There is a game changing difference in simply contracting your core (to what would be flashing your abs) and bracing.
Breathing plays its part as well.
 

Kriss E

Registered User
May 3, 2007
55,329
20,272
Jeddah
Yeah I do them standing too. Sitting is cheating as the cushion helps stabilize your back imo, but yeah, if it doesn’t feel right and ur form feels a bit compromised it is best to deload and get it right.
It's not cheating really. There is no such thing as cheating. Can you lift the weight? Well then you did it. Does it help you lift more? Great, the heavier you move the stronger you will become, that's all there is to it.
In the bench press, if you know how to properly do it, you take full advantage of the cushion as you should be driving your upper back into as much as possible to press the bar back up.
Powerlifters are the masters at this, how they arch their back, position their hands, brace and drive their backs into the bench doesn't make them cheaters. It makes them the strongest bench pressers on the planet.

However, if you're arching doing a seated overhead press, well you're messing up your form completely.
Seated OH Press is meant to partially remove your lower body engagement from giving you any support making it more difficult to press the bar up. You're supposed to brace your core making your back straighter as you press the bar up. If you're arching to wear your lower back is completely off the back support, well you're not doing it right.
To make it even more hard, in come the ''Z Press'', which is a floor seated overhead press exercise, this one entirely removes any type of support from your lower body.

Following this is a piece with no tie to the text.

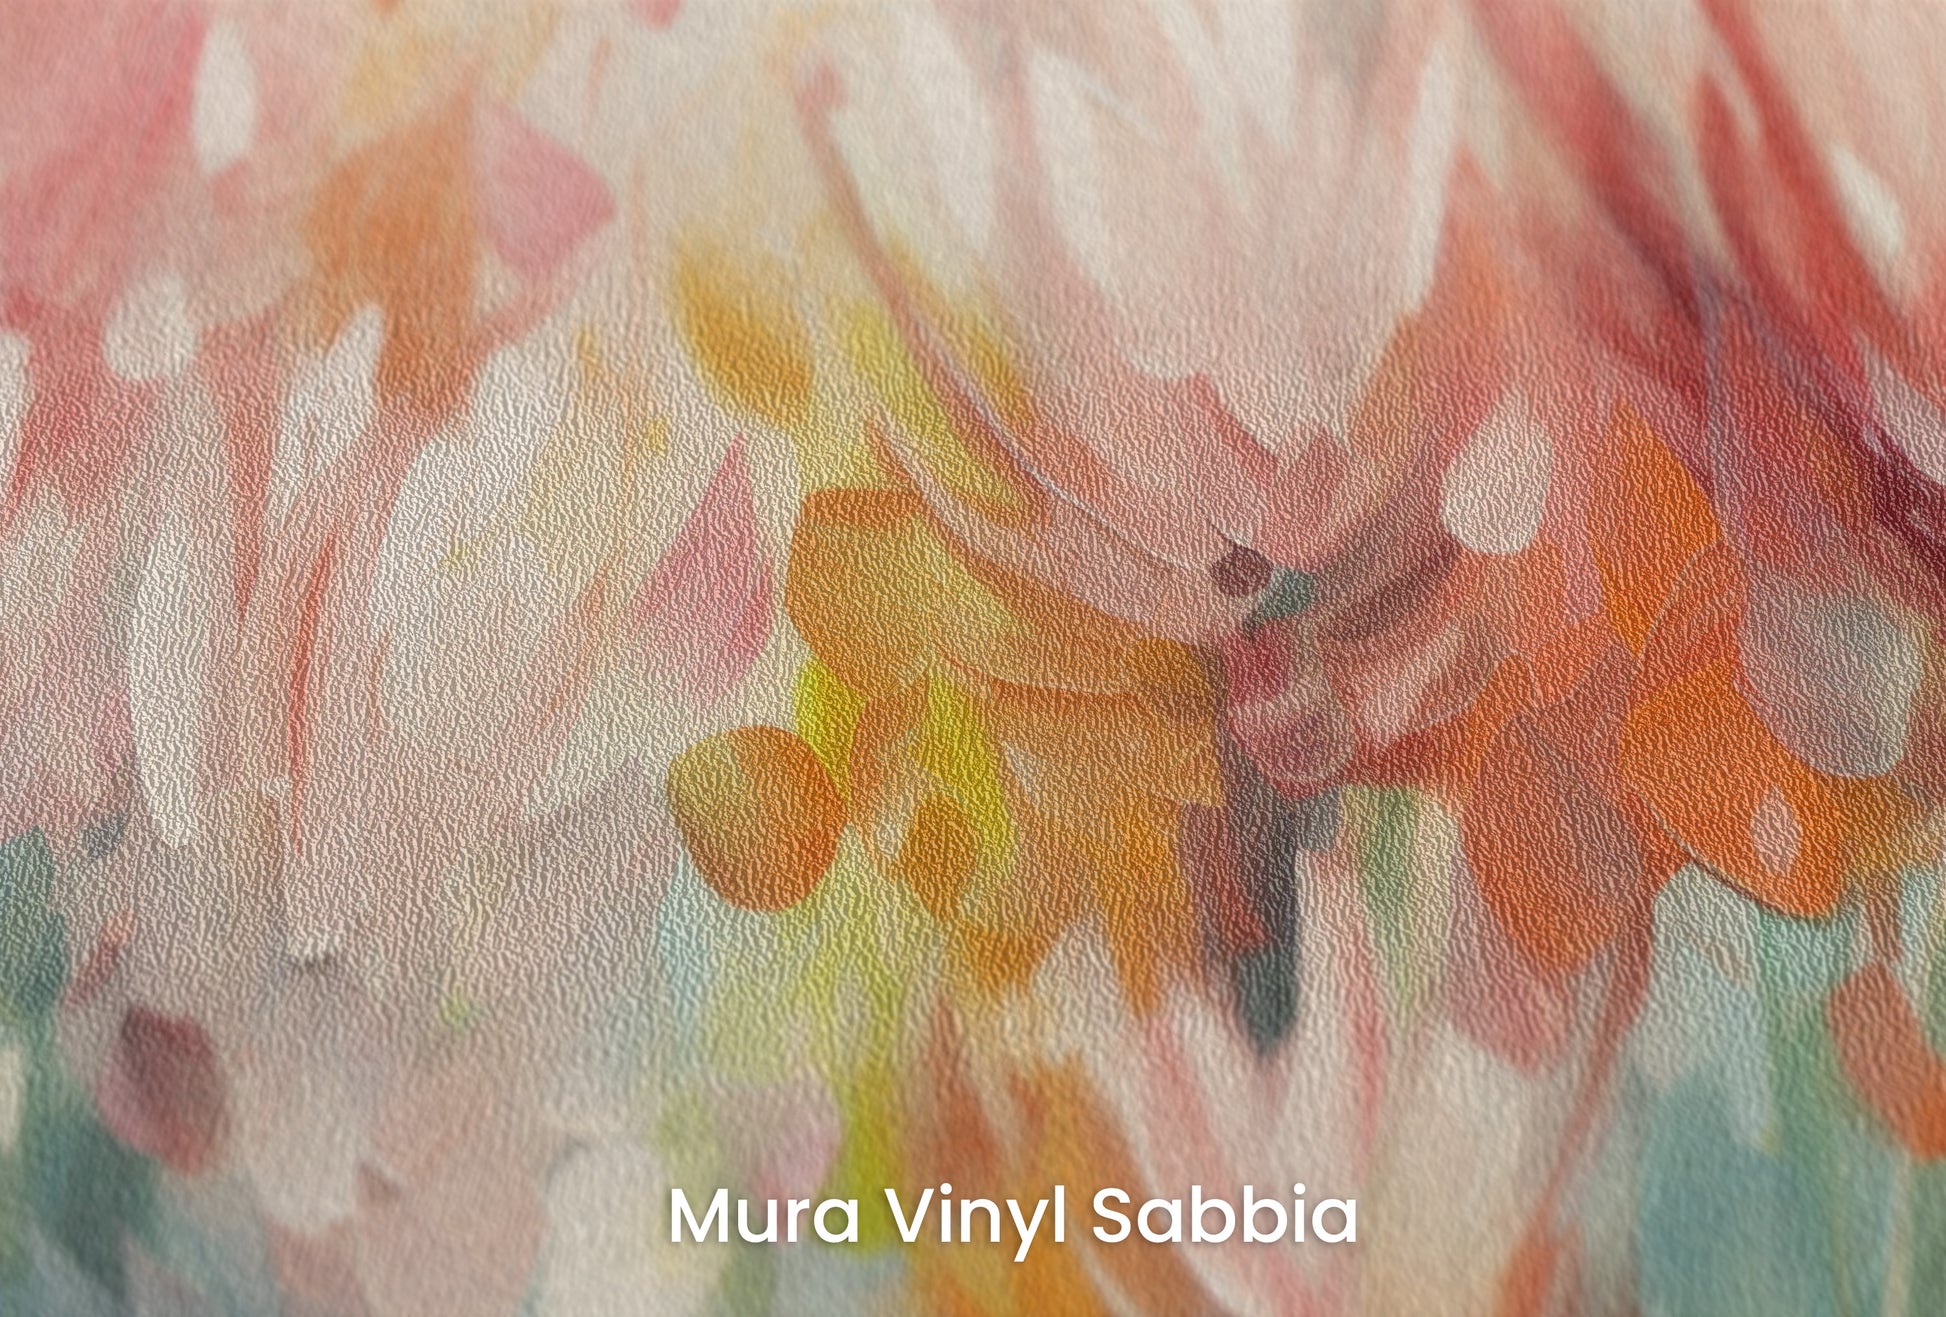 Zbliżenie na artystyczną fototapetę o nazwie Floral Burst na podłożu Mura Vinyl Sabbia struktura grubego ziarna piasku.

In the standing OH press, you get the support from your lower body, you're supposed to be driving your heels down, squeezing your legs and glutes before you start the pressing motion. Too many people just think ''press bar up'' and don't realize there is so much more you're supposed to do.
 

Lebowski

El Duderino
Dec 5, 2010
17,585
5,218
Just signed up to World Gym..first serious workout in a gym in almost 6 months...the last time I went that long is probably back when I was 14...never felt so out of shape but happy I still have decent strength in me.
I can barely walk just 2h after my leg session..

A- Leg press 4x8
B- Back squats 4x 4@52X1 + 4@10X1
C1- Leg extensions 3x15
C2- GHD sit ups 3x15
D1- Good Mornings 3x10
D2- Kettlebell Swings 3x10
E1- Assault Bike sprints 10cals
E2- Hanging knee tucks x10
E3- KB Side bends x10 per side

Feels so good.

That’s a bit much after a 6 months lay off, no? :laugh:

I think my first leg day after the gyms reopened, I did 5x5 squats and one calf raise exercise and my legs were done for like a week.
 

Lshap

Hardline Moderate
Jun 6, 2011
27,450
25,395
Montreal
Any of you guys been back to the gym? I'd guess everyone's masked, which might be fine for weights but is totally impossible for running on a treadmill.
 

Lebowski

El Duderino
Dec 5, 2010
17,585
5,218
Any of you guys been back to the gym? I'd guess everyone's masked, which might be fine for weights but is totally impossible for running on a treadmill.

The place where I go to, you need a mask when coming into the gym and in common areas, but otherwise you’re free to remove it while working out as long as you respect the distanciation rules.

It hasn’t been much of a hassle for me, but some other gyms may enforce more strict rules.